State and Local Taxes
Parts of the Form W-2G are provided for your convenience. For example, Boxes 13, 14 and 15 on the form are there to help you with state taxes. If the gambling entity doesn’t complete these boxes, that’s fine with the IRS. If the gambling organization withheld state income tax on income from gambling winnings, that figure is placed in Box 15 of the W-2G form. If the company fills in Box 15, though, they should also fill in Boxes 13 and 14. In Box 13, they’ll fill in the state identification number that’s assigned by each state. If the tax department of the state requires that a Form W-2G be sent to them, the gambling entity should send Copy 1 from the forms from the IRS. Copy 2 should go to the winner.

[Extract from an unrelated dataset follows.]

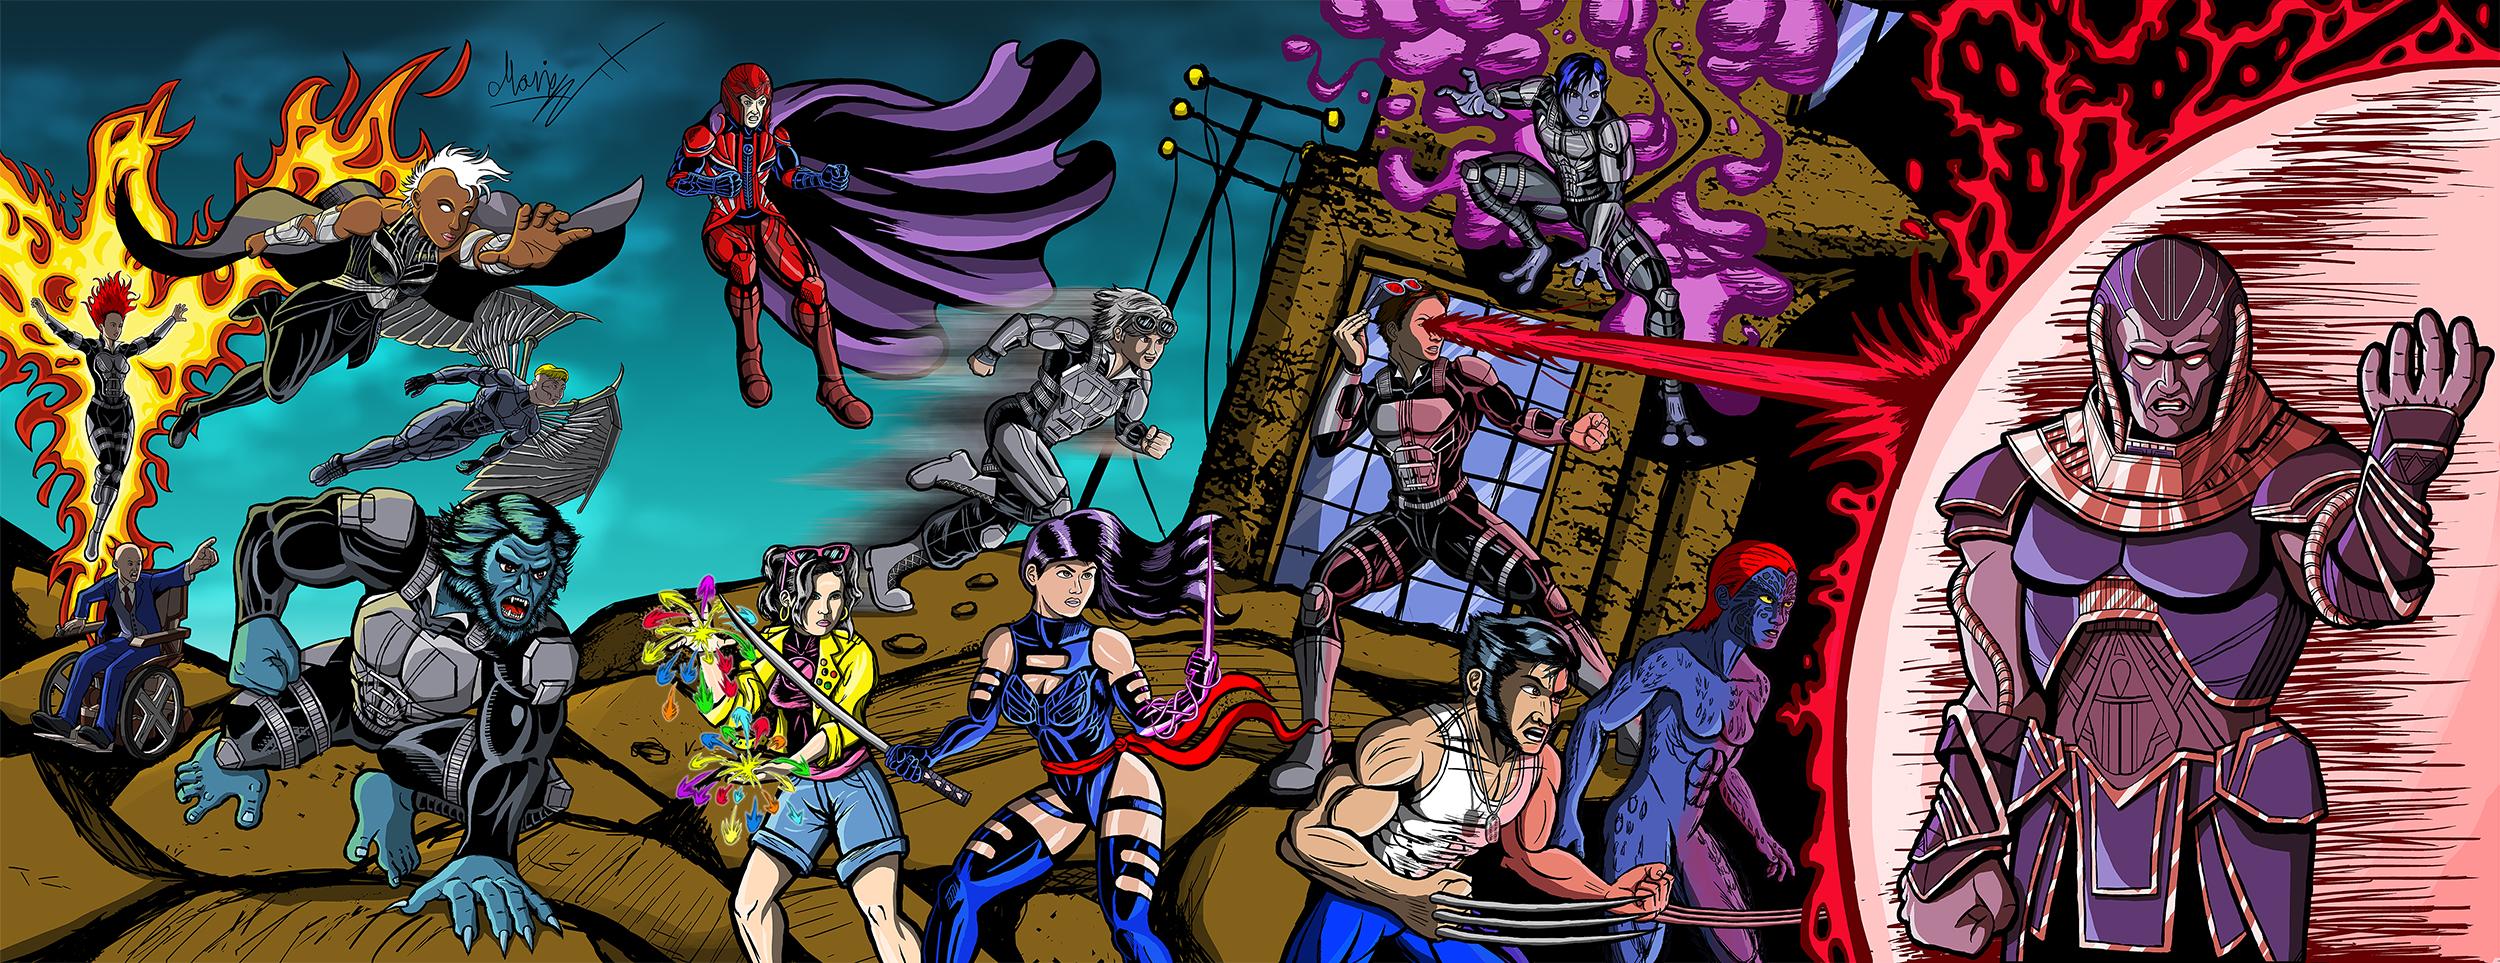 Color X-Men: Apocalypse Jim lee 90's cover Homage

Much like the boxes for state taxes, Boxes 16, 17 and 18 are provided for convenience and aren’t required by the IRS. If local income tax was withheld on the payment of gambling winnings, that figure goes in Box 17 of the W-2G form. If that box is complete, Boxes 16 and 18 should also be filled.
Think Before You Accept
The tax responsibility for a prize can sometimes be daunting to winners. This is especially true if they don’t have a lot of cash or personal possessions. Their need for furnishings or other prizes like cars or even vacations may have prompted them to try and win something in the first place. But before you enter a raffle or go on a game show to try to win a new living room set, consider whether the tax responsibility for it would be prohibitive for you. Also, look into whether the gambling entity will pay the withholding tax. While Form W-26 provides a lot of valuable information for doing your taxes, it won’t be helpful if you don’t have the funds available to pay the taxes on an expensive prize.
Report the Small Stuff
If you don’t get a Form W-2G because your earnings were too small or otherwise didn’t necessitate the completed form, don’t worry. However, you are still responsible for reporting any of those earnings to the IRS on your tax return. Any prize or awards you won during the year need to be reported. If you won multiple prizes, add them together along with the fair market value of any non-cash prizes. While you do need to report all the earnings, you may not have to pay taxes on those earnings if you are claiming deductions. Since you may claim losses up to the amount of your winnings, depending on the situation, you may not have to pay.